AIM OF THE EXERCISE
Nothing in the copy should be a picture; everything else in the listing is to be restated exactly.

━━ GIVEN DATA ━━

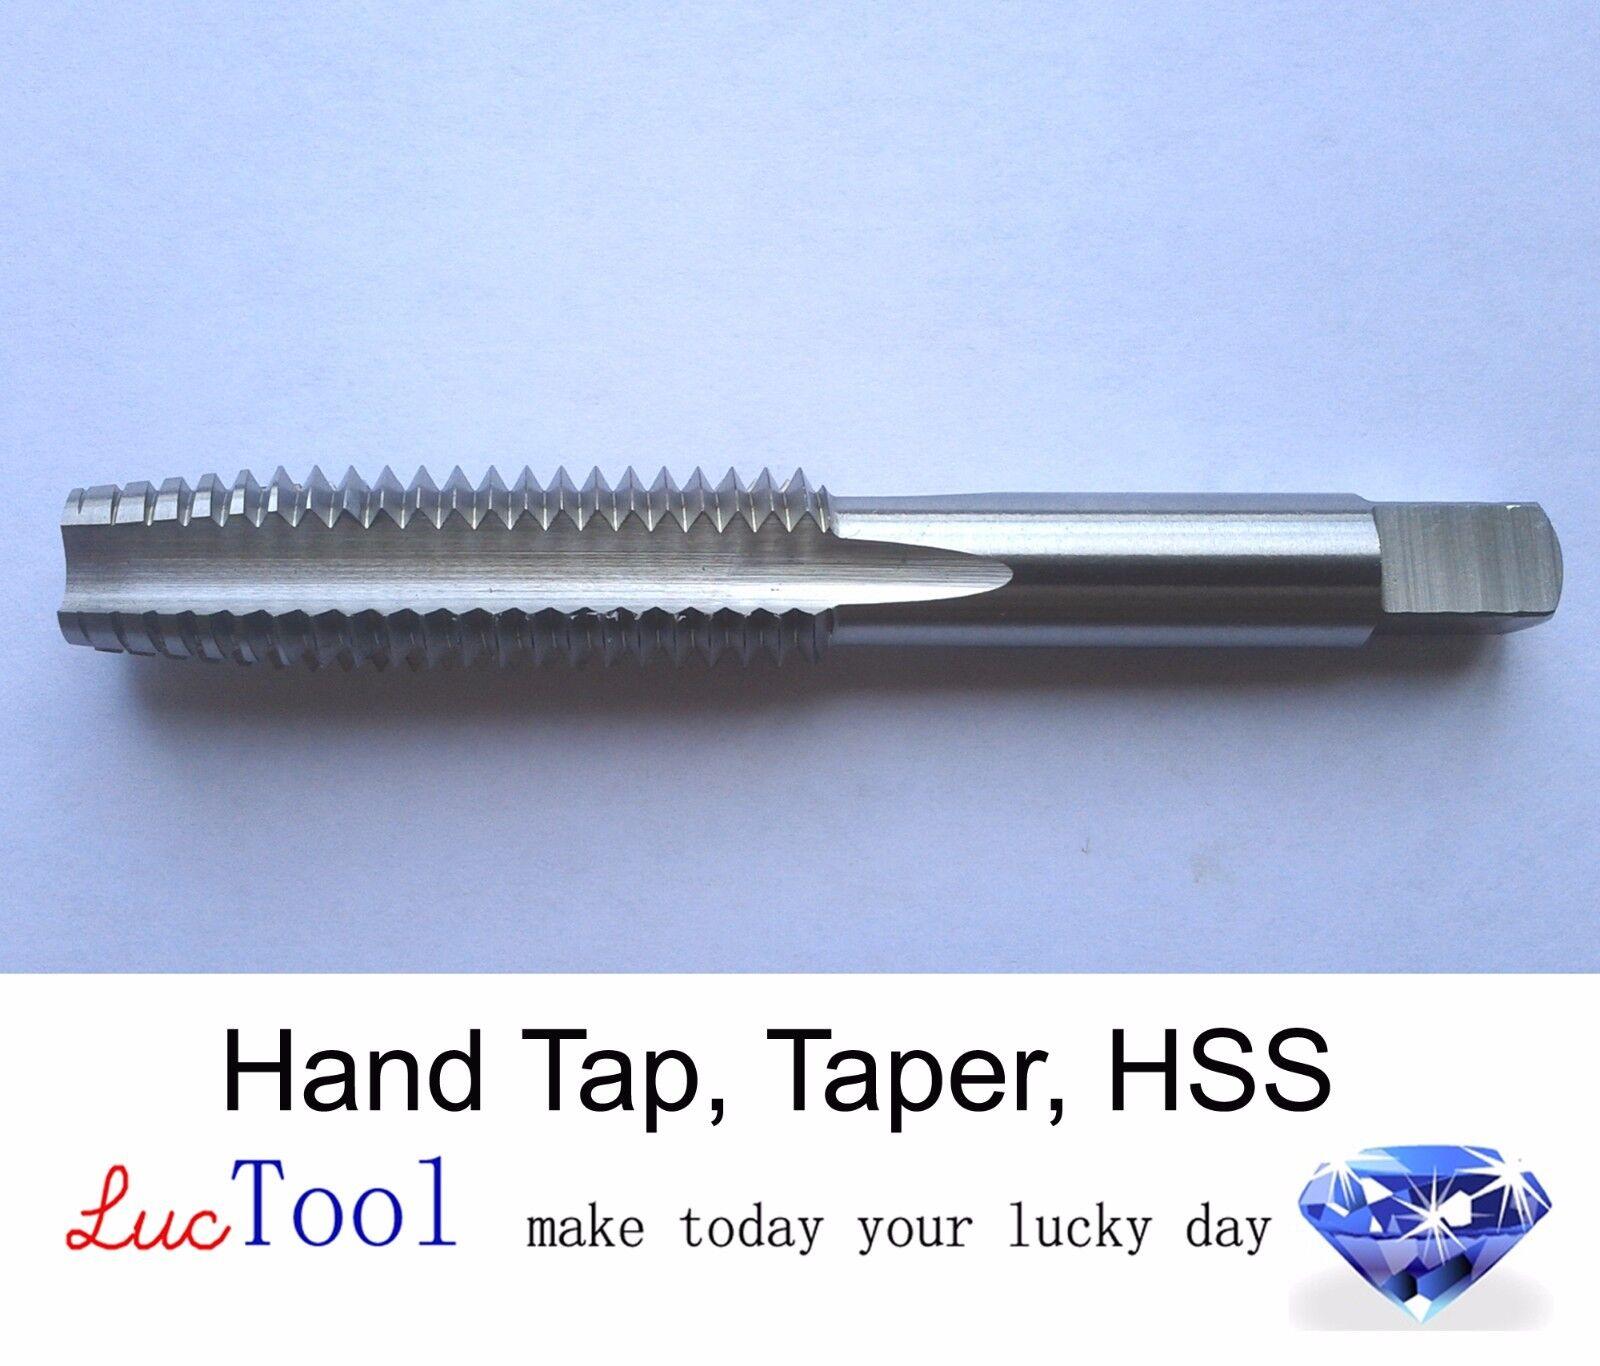 9//16-40 HSS Taper Hand Tap
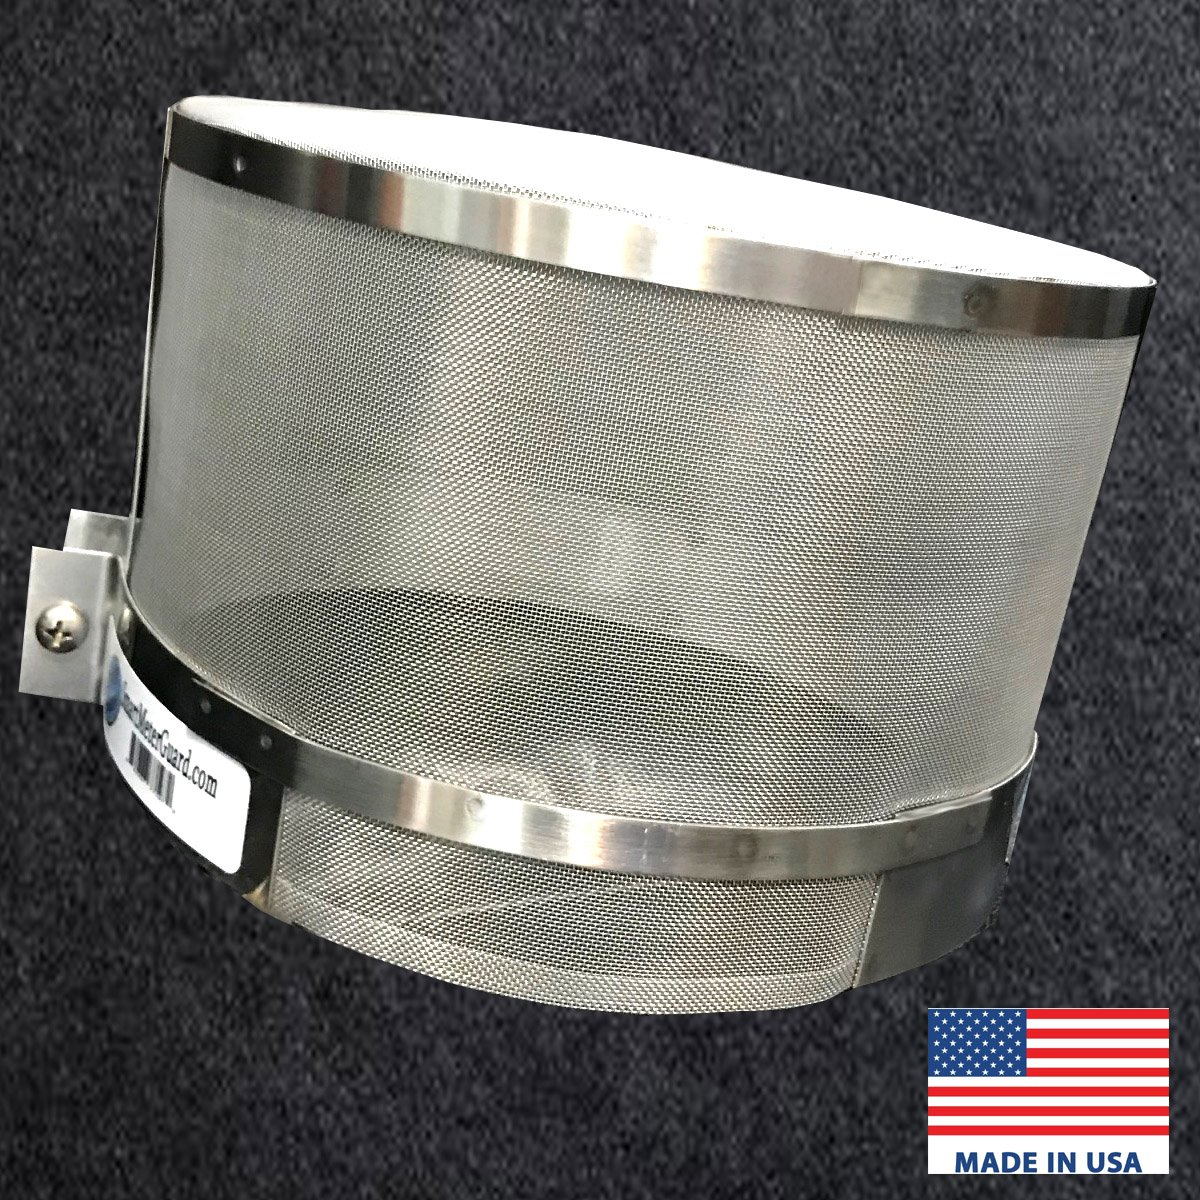 Smart Meter Guard RF Radiation Shield Cover
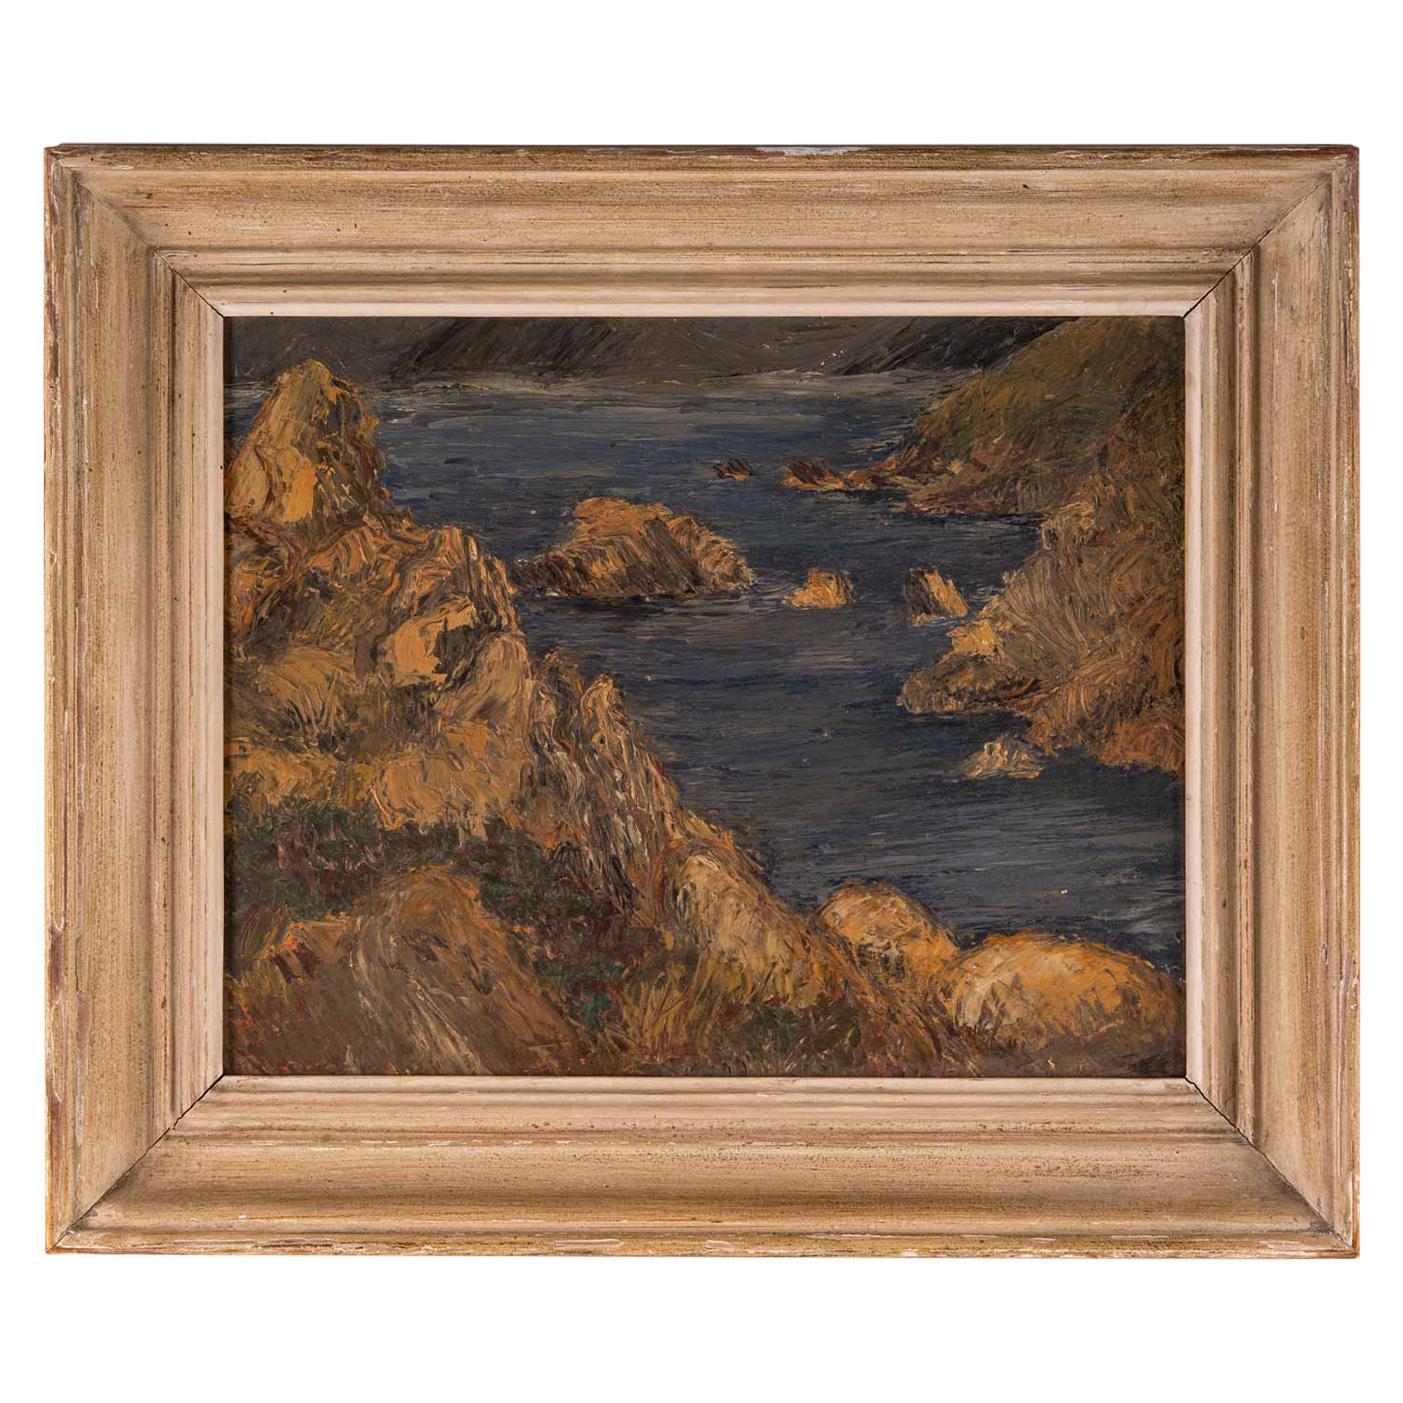 Landscape of the Cliffs, 20th Century
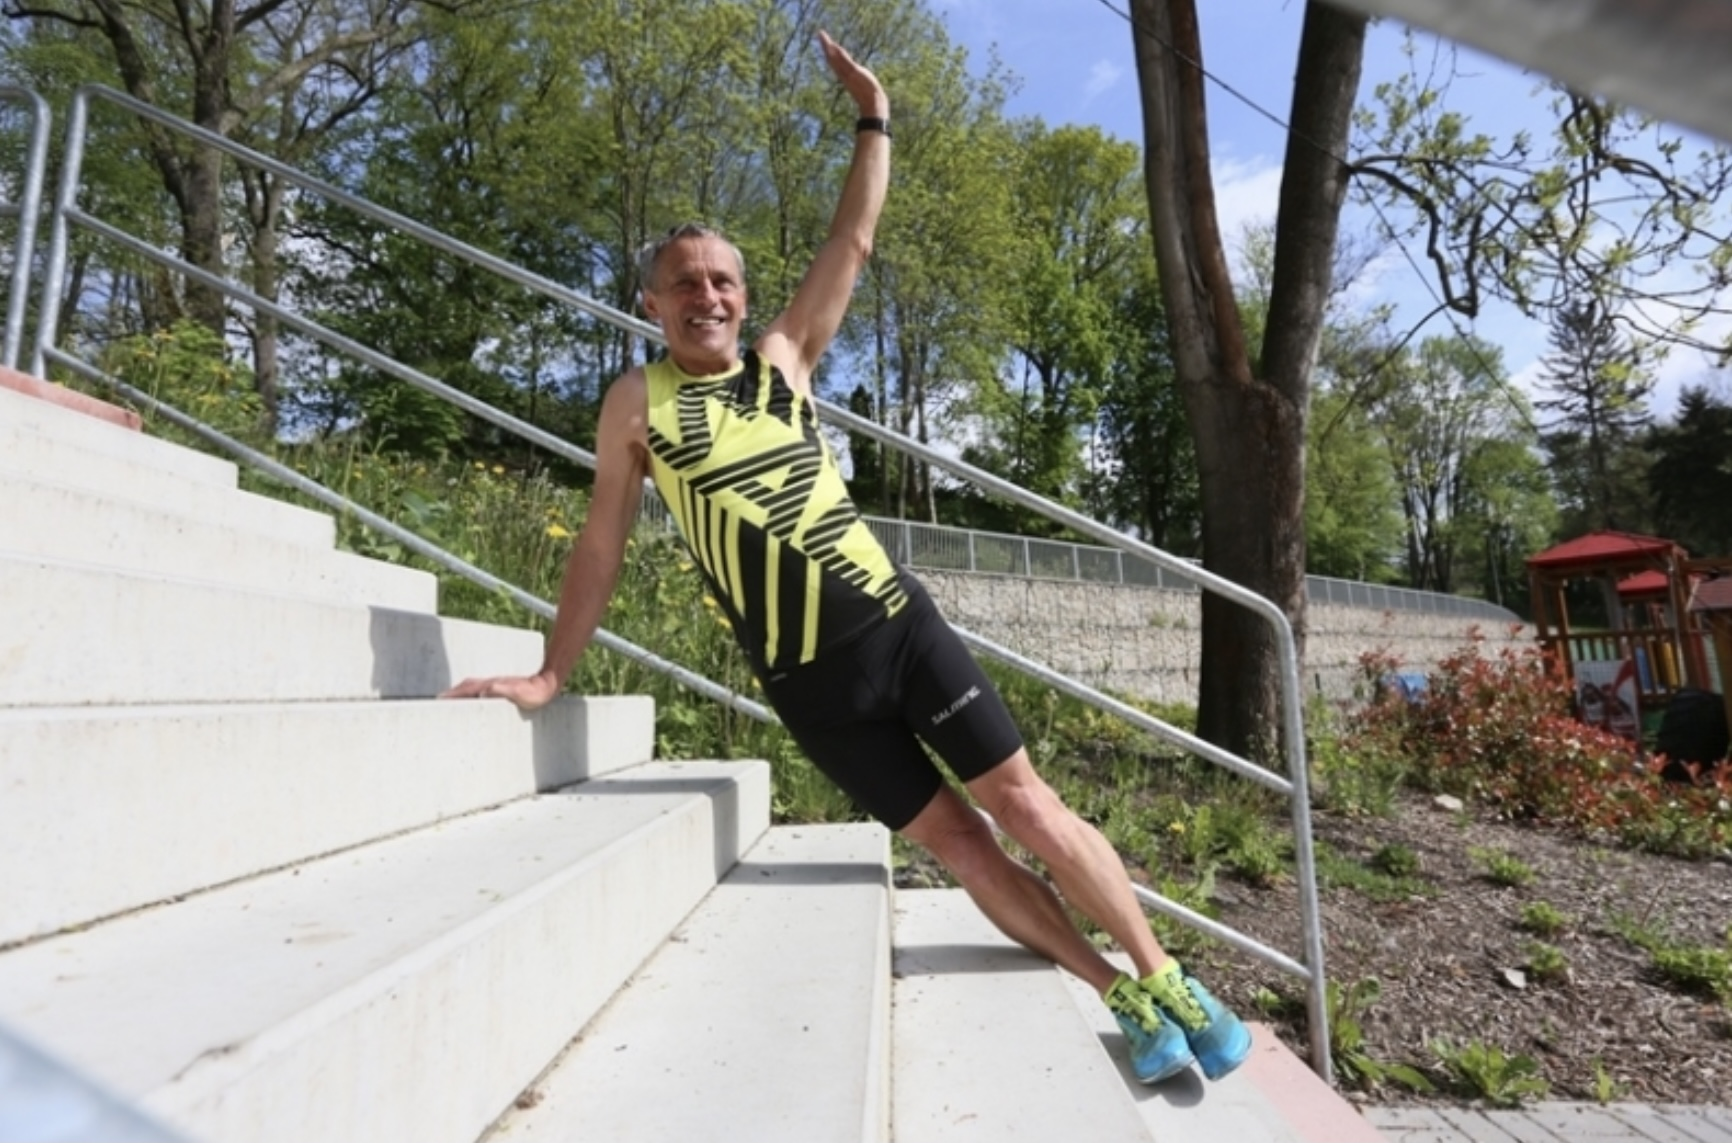 Schází ti kopce, běhej a cvič na schodech - prkno s rotací 2

━━━

WORKED SOLUTION
 9//16-40 HSS Taper Hand Tap
 Smart Meter Guard RF Radiation Shield Cover
 Landscape of the Cliffs, 20th Century
 Schází ti kopce, běhej a cvič na schodech - prkno s rotací 2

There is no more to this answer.